- Task instructions -
The answer must be an exact reprint of the lines from the one with "Kissen aus einem" through the final line of the data, with no pictures included.

Available data START

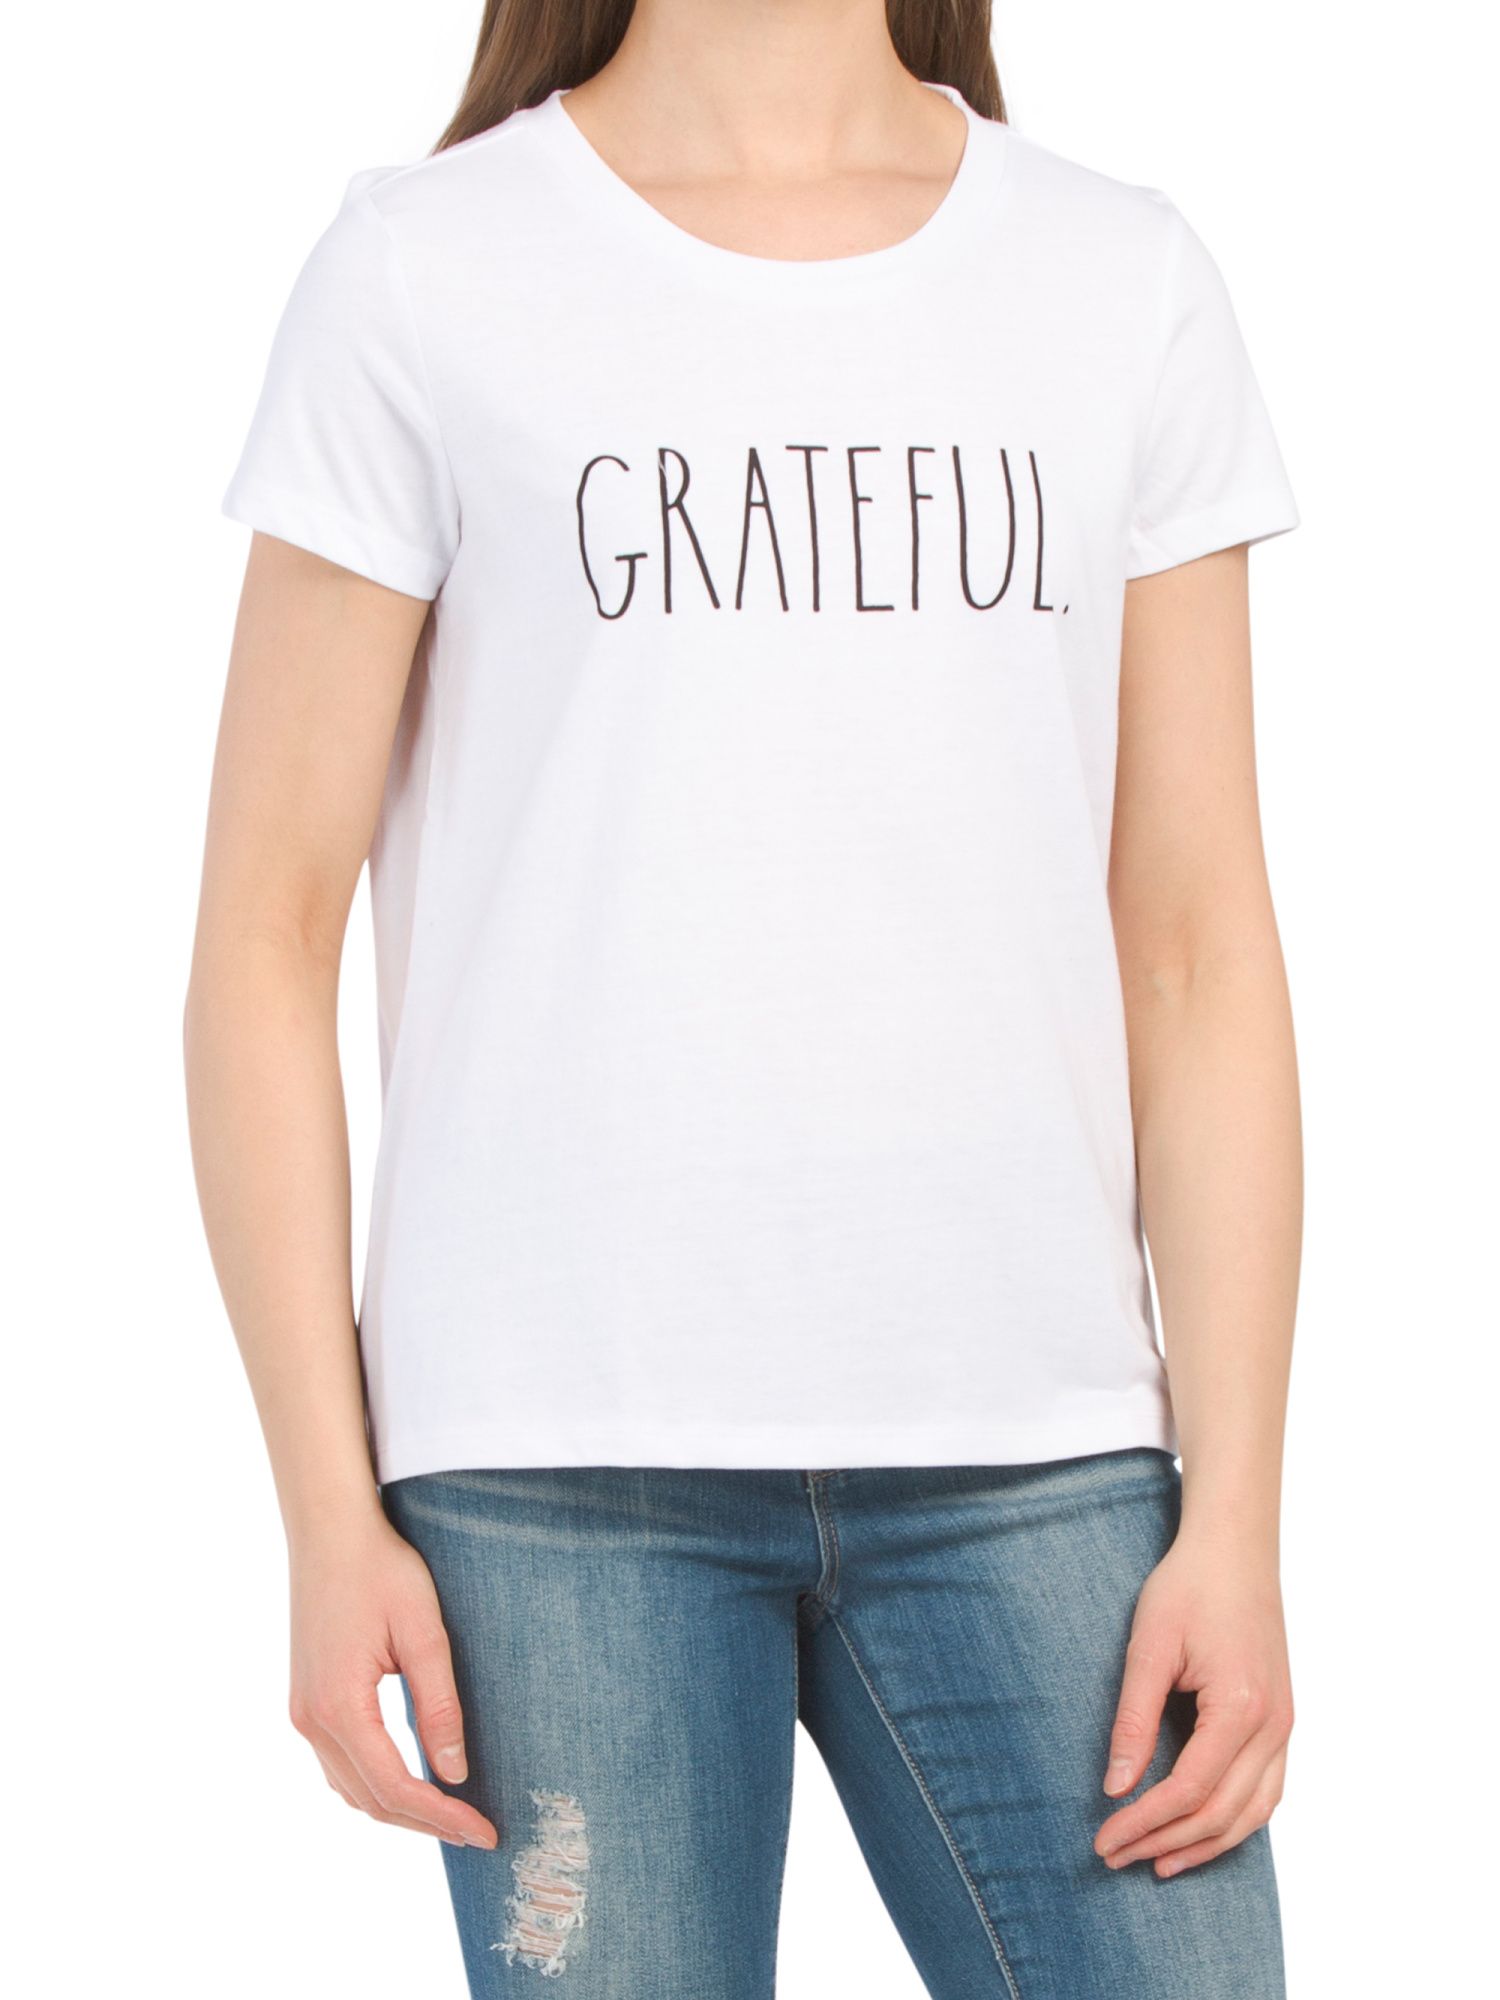 Grateful T-shirt | TJ Maxx
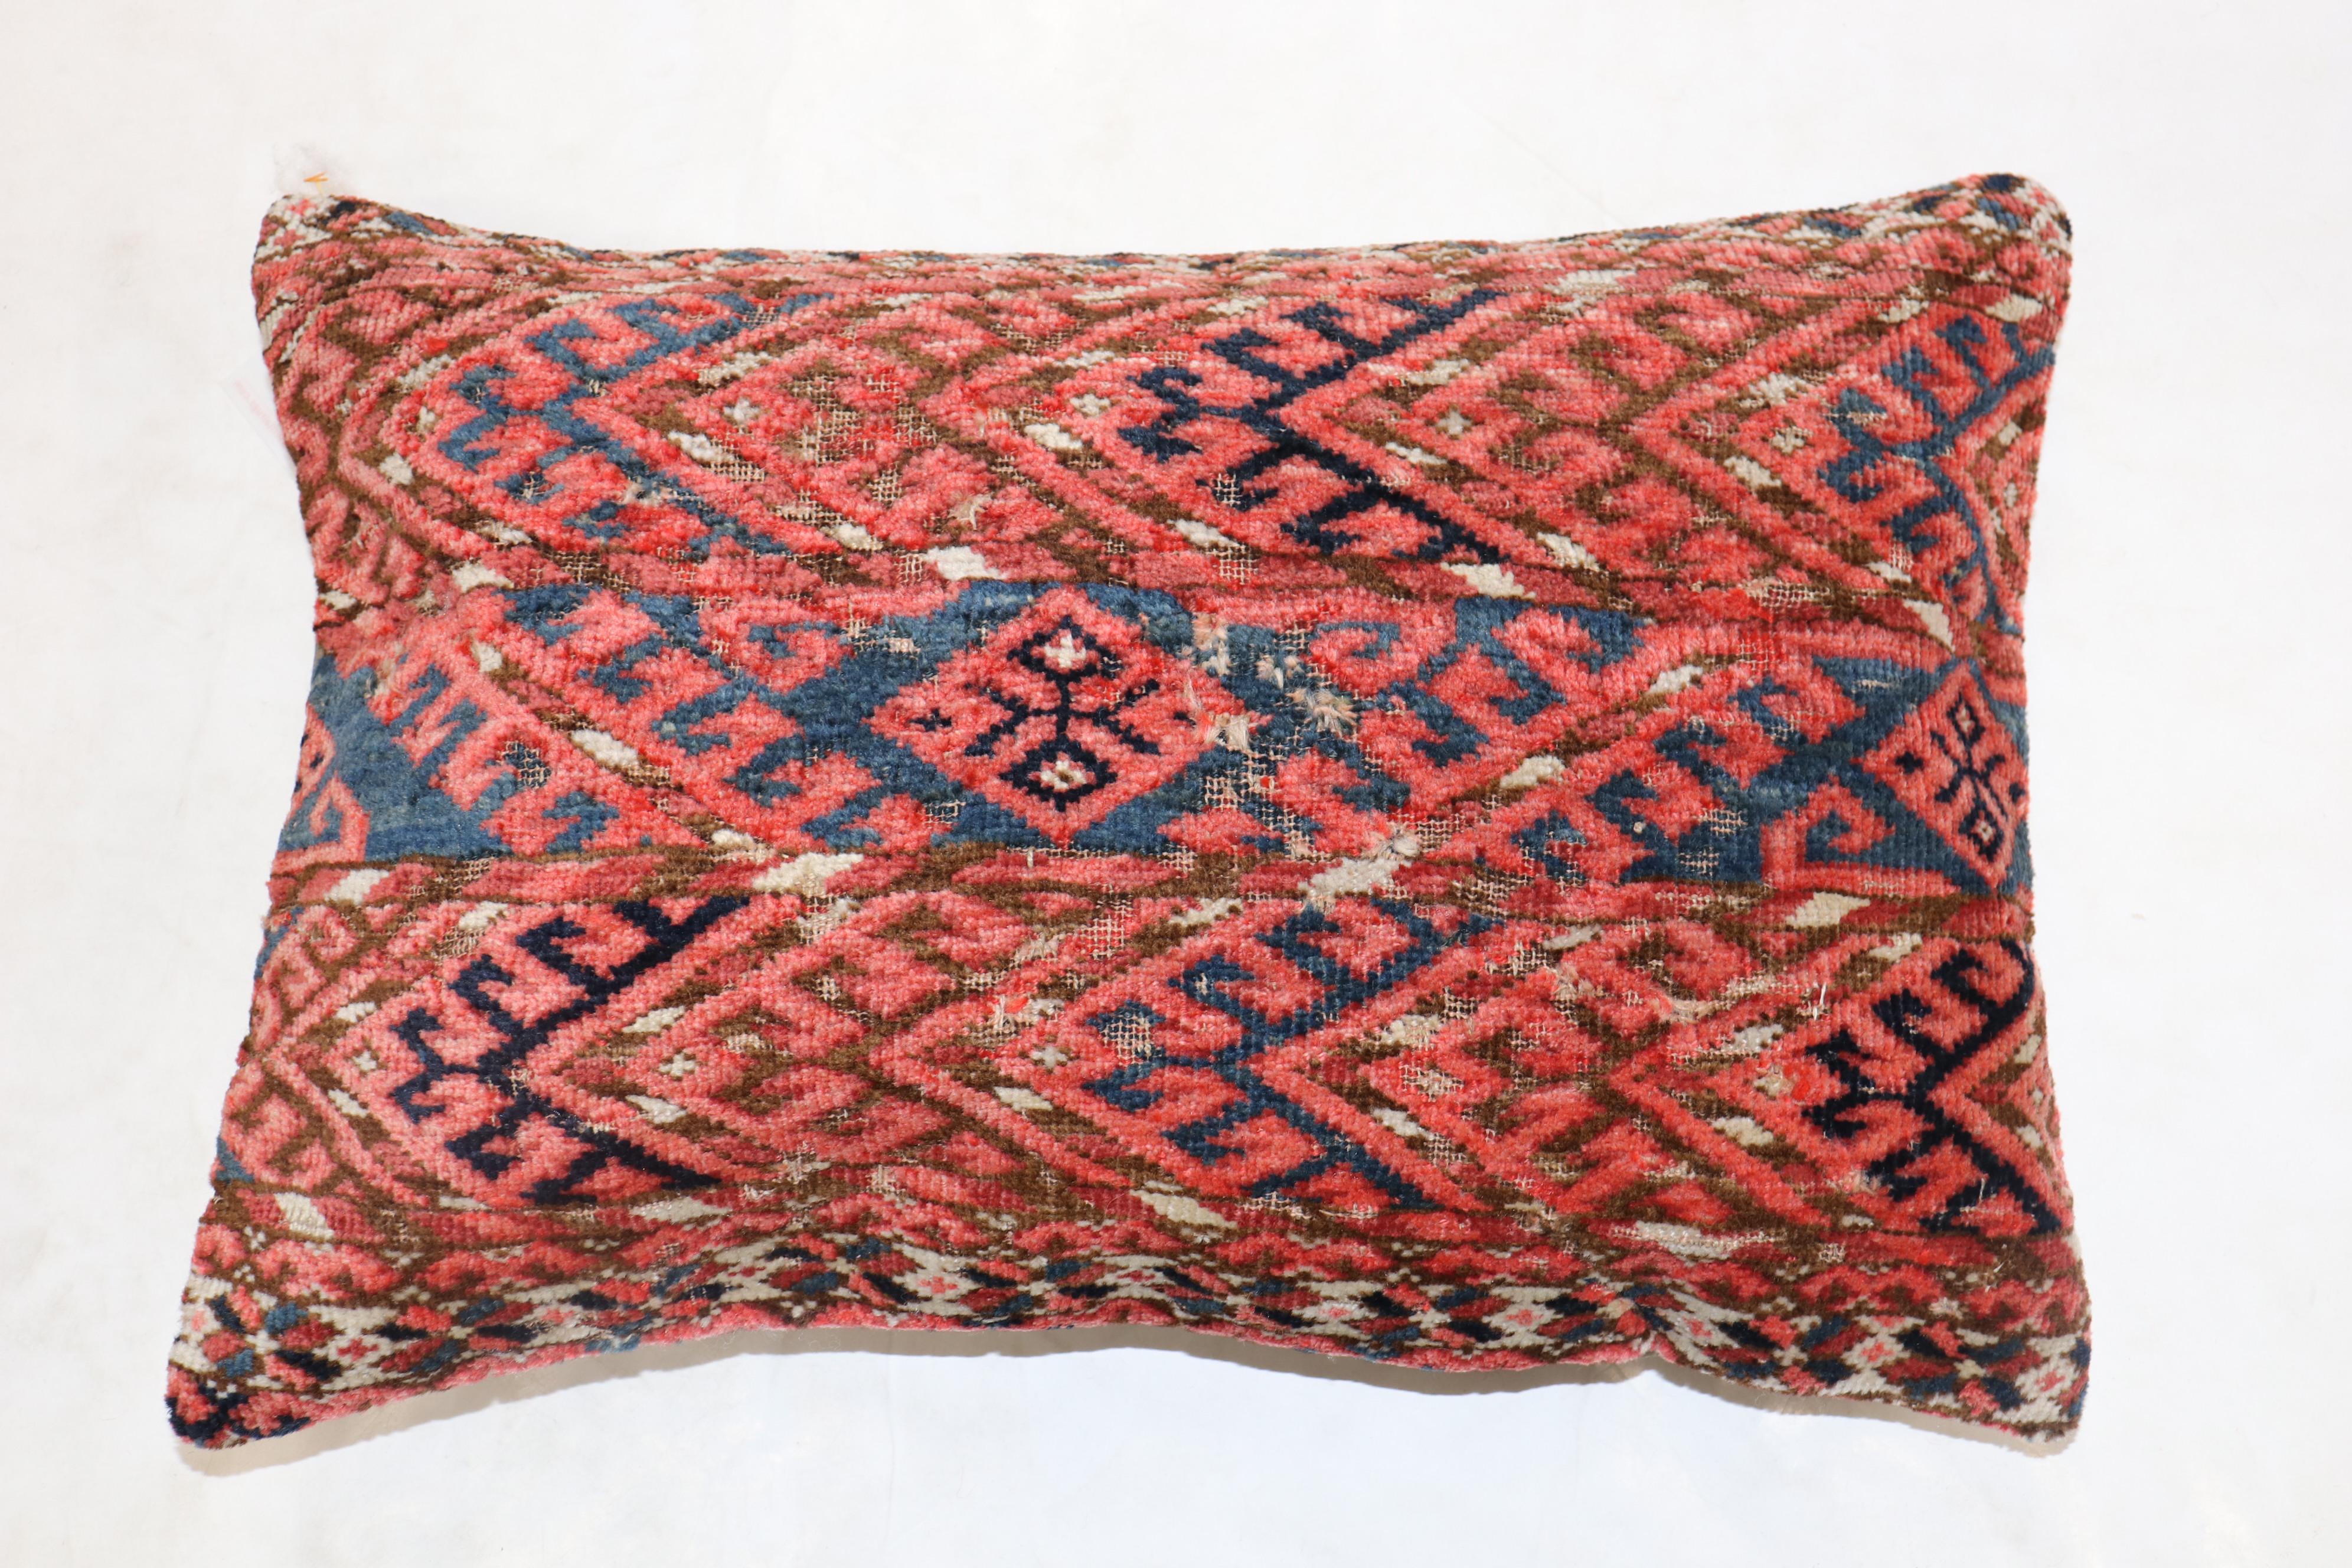 Kissen aus einem Tekke-Teppich aus dem 19. Jahrhundert in einer Lendengröße.

Maße: 16

Available data END

- Task output -
 Kissen aus einem Tekke-Teppich aus dem 19. Jahrhundert in einer Lendengröße.

Maße: 16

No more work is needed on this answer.